**Data below:**
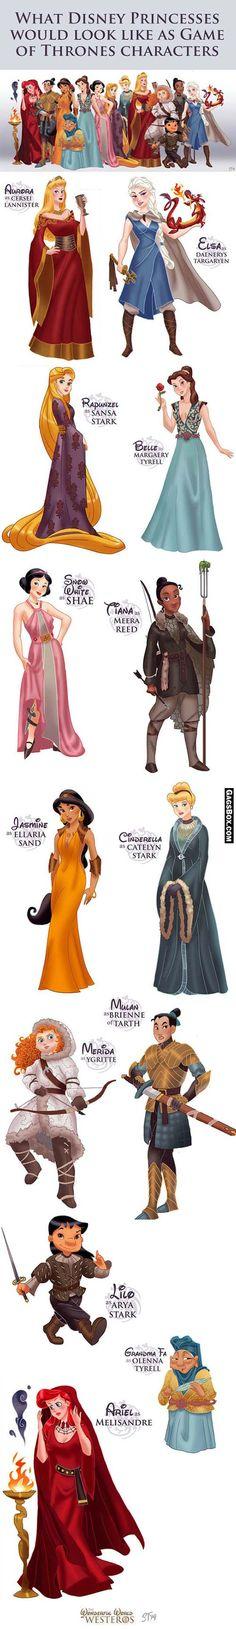 Disney's G O T
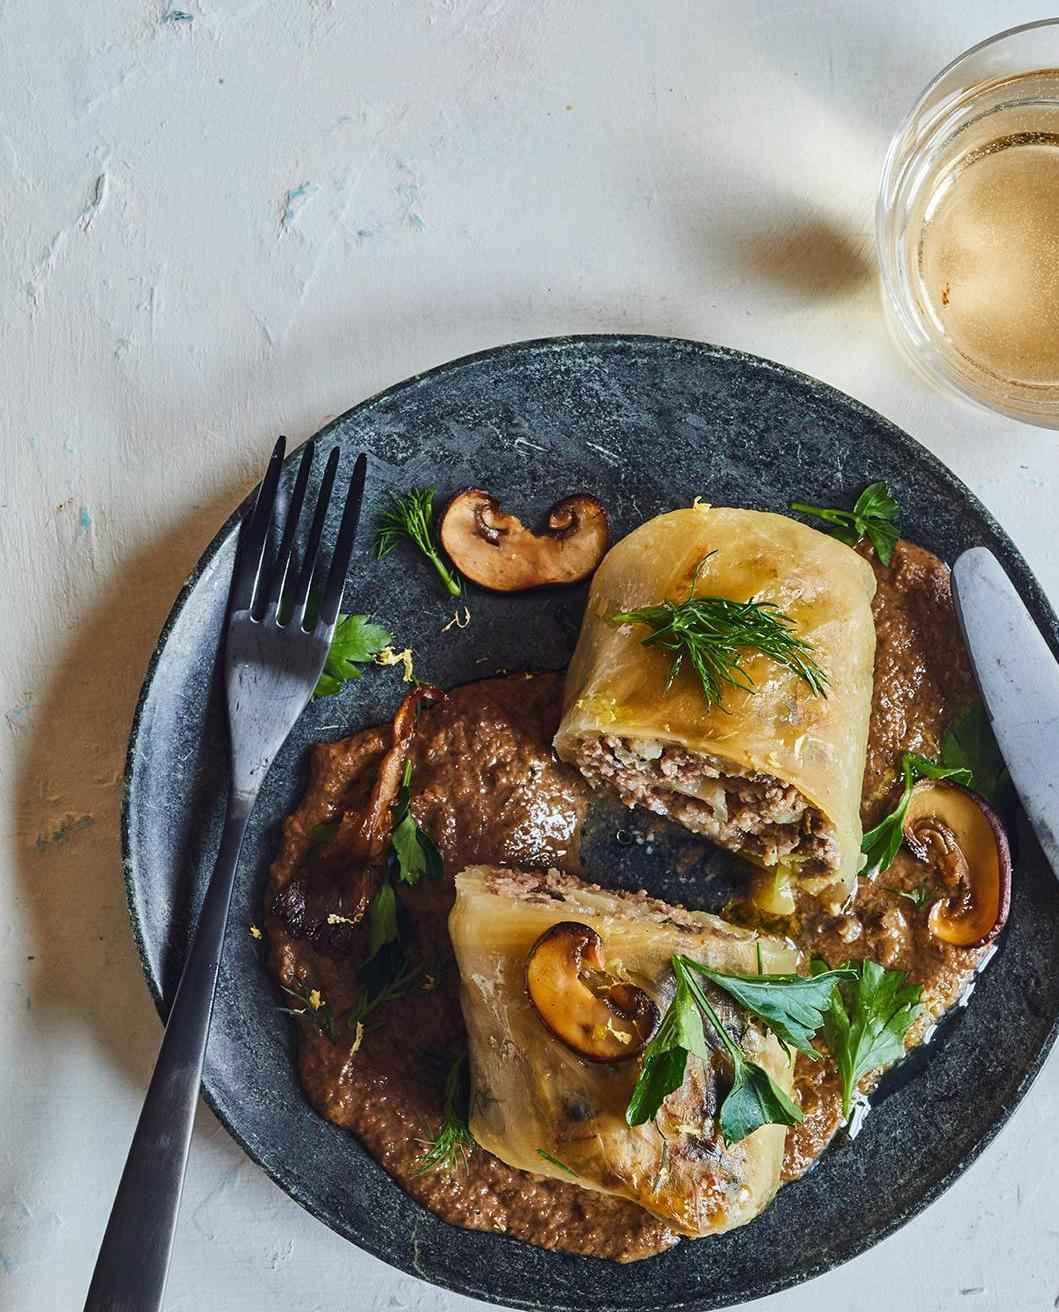 Revisit Bubbe's Kitchen with Jeffrey Yoskowitz image
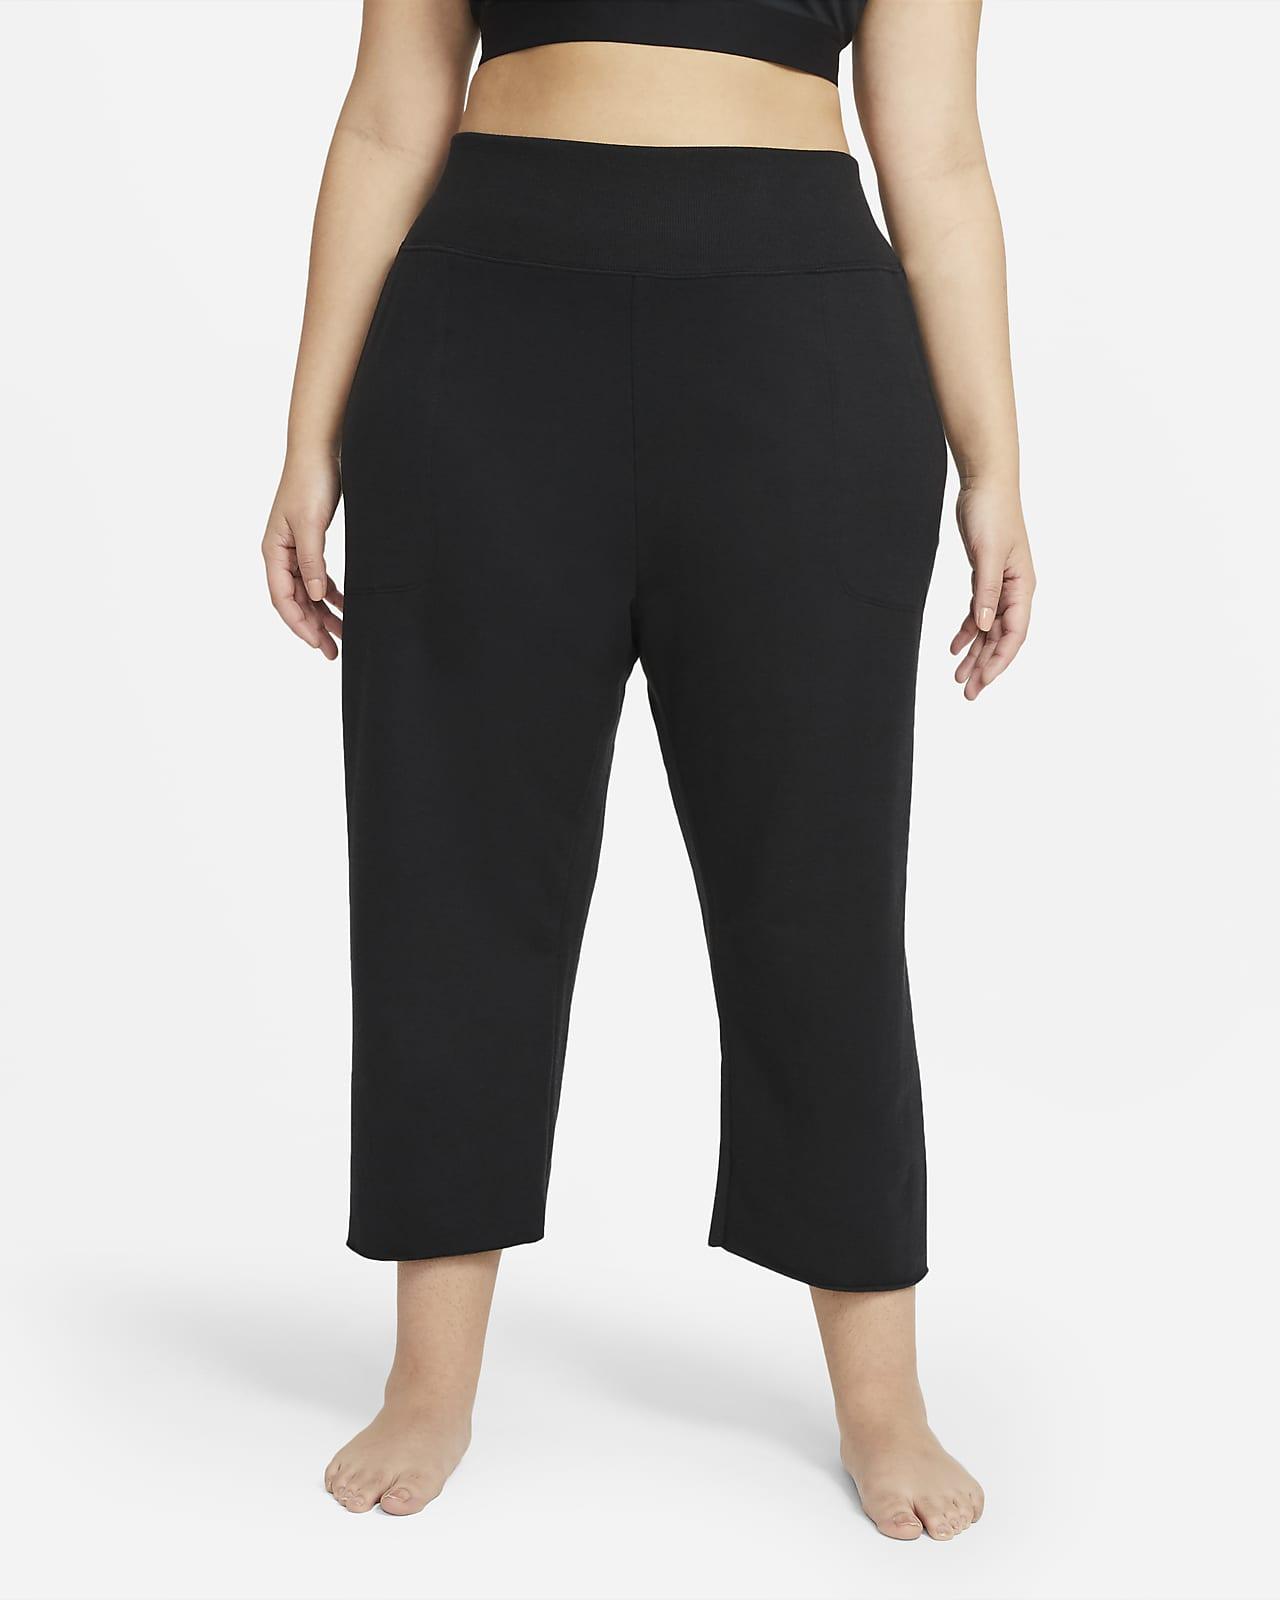 Nike Yoga Luxe Women's Cropped Fleece Pants (Plus Size)
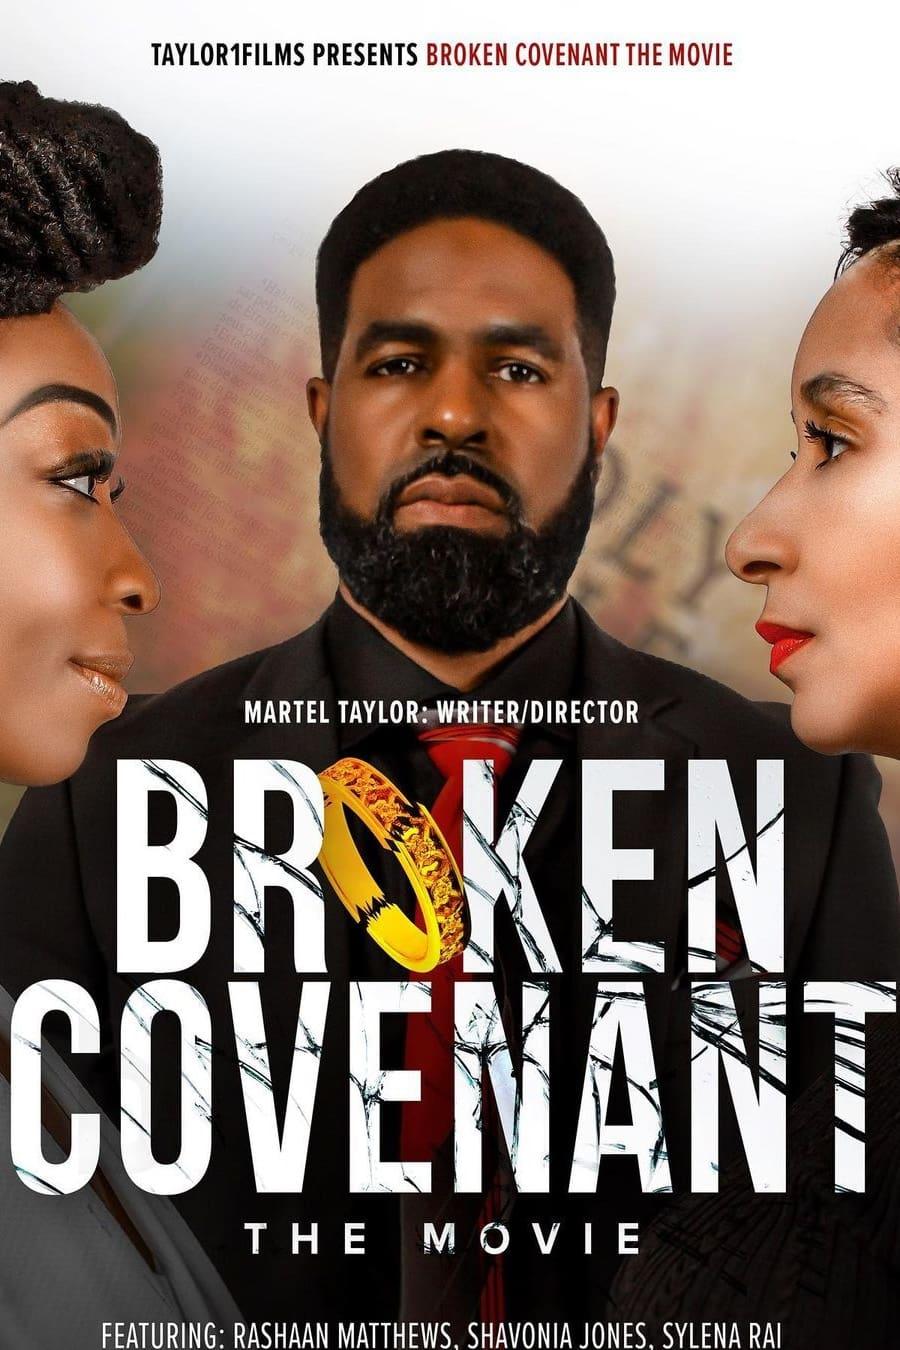 Broken Covenant The Movie (2021)

**What the task asks:** Could you return the whole listing exactly, with every picture removed?

**Response to this task:**
 Disney's G O T
 Revisit Bubbe's Kitchen with Jeffrey Yoskowitz image
 Nike Yoga Luxe Women's Cropped Fleece Pants (Plus Size)
 Broken Covenant The Movie (2021)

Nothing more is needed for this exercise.